By the pre-Covid high watermark of Q1 2020, M2 was $15.5 trillion and GDP was $21.7 trillion. After the Covid crash and stimulus, here in Q2 2025 M2 is $22.1 trillion and GDP is $30.3 trillion-- 1 to 1.37.

There's a phrase that describes this: diminishing returns. Goosing money supply is no longer goosing GDP to the same degree it once did.

Meanwhile, back in Speculative Frenzy-Land, the SPX is up 10X, from the biblical low in Q1 2009 of 666 to today's high of 6660 (well, 6656, but close enough).

This suggests that the means of boosting GDP is now inflating bubbles, not actual economic activity. This is supported by the chart of money velocity, which is a measure of economic transactions across time. It's generally conceded that money velocity increases in good times and decays in not-to-good times. Here we see that money velocity has fallen off a cliff and never recovered the glory days of widespread, organically expanding economic activity.



It is not coincidental that the peak of money velocity in the mid-1990s Internet boom aligns with the peak of wage growth and the bottom 50%'s share of financial net worth. Simply put, the 1990s were the last era of widespread prosperity of the sort that actually "trickled down" to the bottom 90%. This was also the last era in which housing was broadly affordable to households with average incomes.



Saying that money velocity is an indicator of economic catastrophe doesn't go over well in polite company, but there it is. Somebody barfed in the punchbowl, sorry about that.

Lastly, consider this chart of debt and growth in the US, courtesy of Tim Morgan of the invaluable analytic site Surplus Energy Economics. Note that the blue indicators of growth are considerably smaller than the red indicators of debt.



Put all this together and it's clear that stock market and housing bubbles are the only sources of "growth," which is another way of saying that "growth" is a chimera masking the second-order effect of goosing money supply, credit, debt and speculative asset bubbles: extremes of wealth and income inequality as the top 10%'s wealth, income and spending have soared while the bottom 90% have fallen behind.



Consider the possibility that the AI Bubble is a close match for the 1720 South Seas Bubble, a bubble that sucked in the smart money (Sir Isaac Newton) and dumb money alike, and then collapsed in spectacular fashion wiping out true believers, gamblers, Wise Men and the credulous--everyone who participated other than those who sold early and stayed out as the bubble inflated to giddy heights.
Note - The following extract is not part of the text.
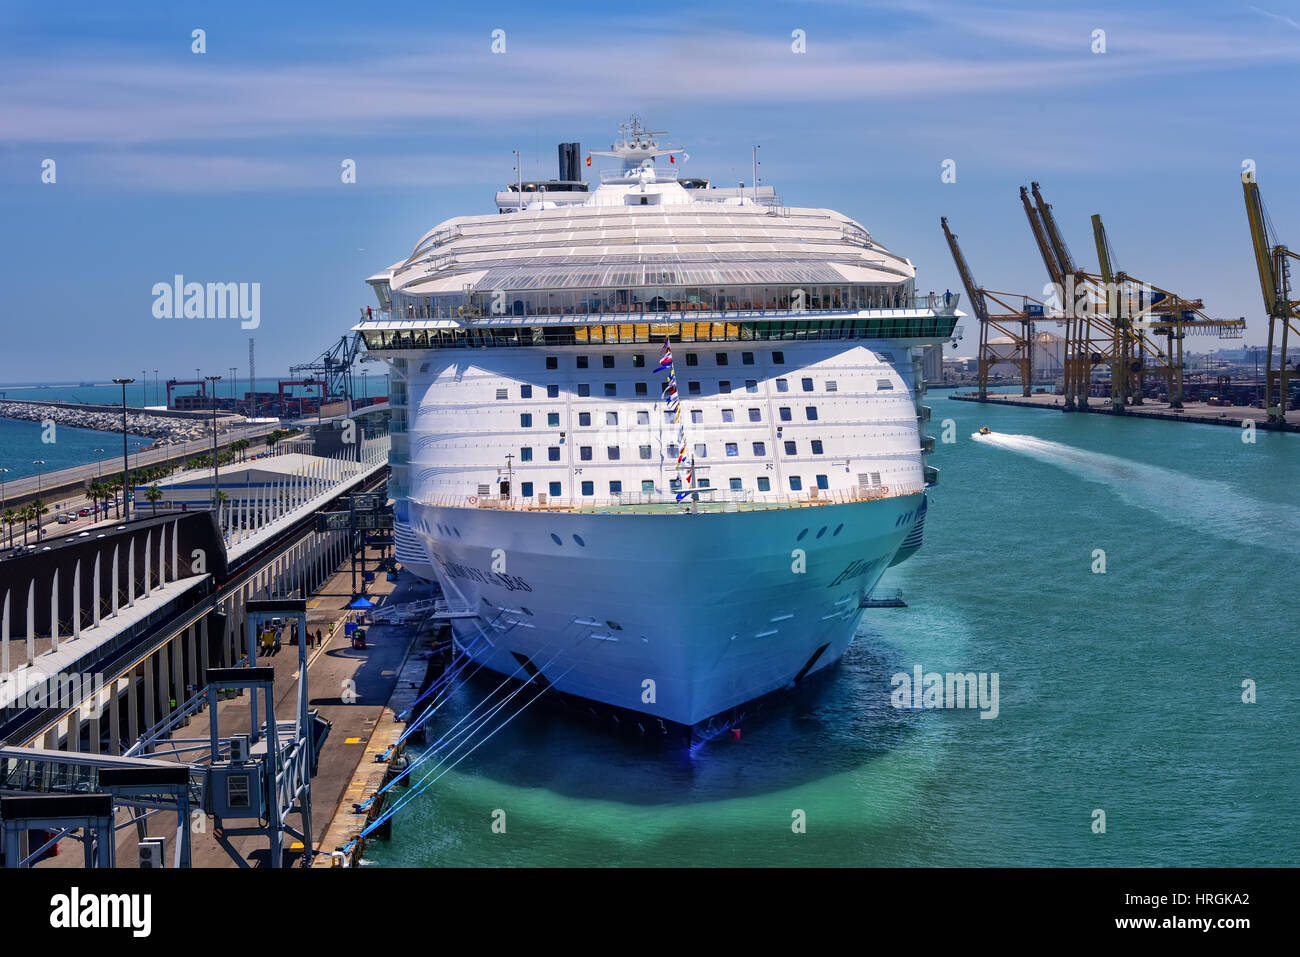 Barcelona, España - 7 de junio de 2016: Royal Caribbean, armonía de los Mares, es ahora el barco más grande del mundo, con un tonelaje bruto de 226,963. Foto de stock

Due to the limitations of Wetware 1.0, the number of people who can manage to do that is so small that it's signal noise.

The consensus holds there will be another bubble after the AI Bubble / Everything Bubble pops, but this might be misplaced confidence in the godlike powers of central banks. If the Fed just gooses money supply, credit and crushes interest rates, the next bubble might be in the 2028 equivalent of Pet Rocks or Beanie Babies, it won't matter. There will always be another bubble because the Fed wills it to be so.

Or perhaps the limits of this serial bubble-blowing have already been reached, and this is the last, final bubble before the reckoning where the banquet of consequences has been set and Nemesis is catering what's served.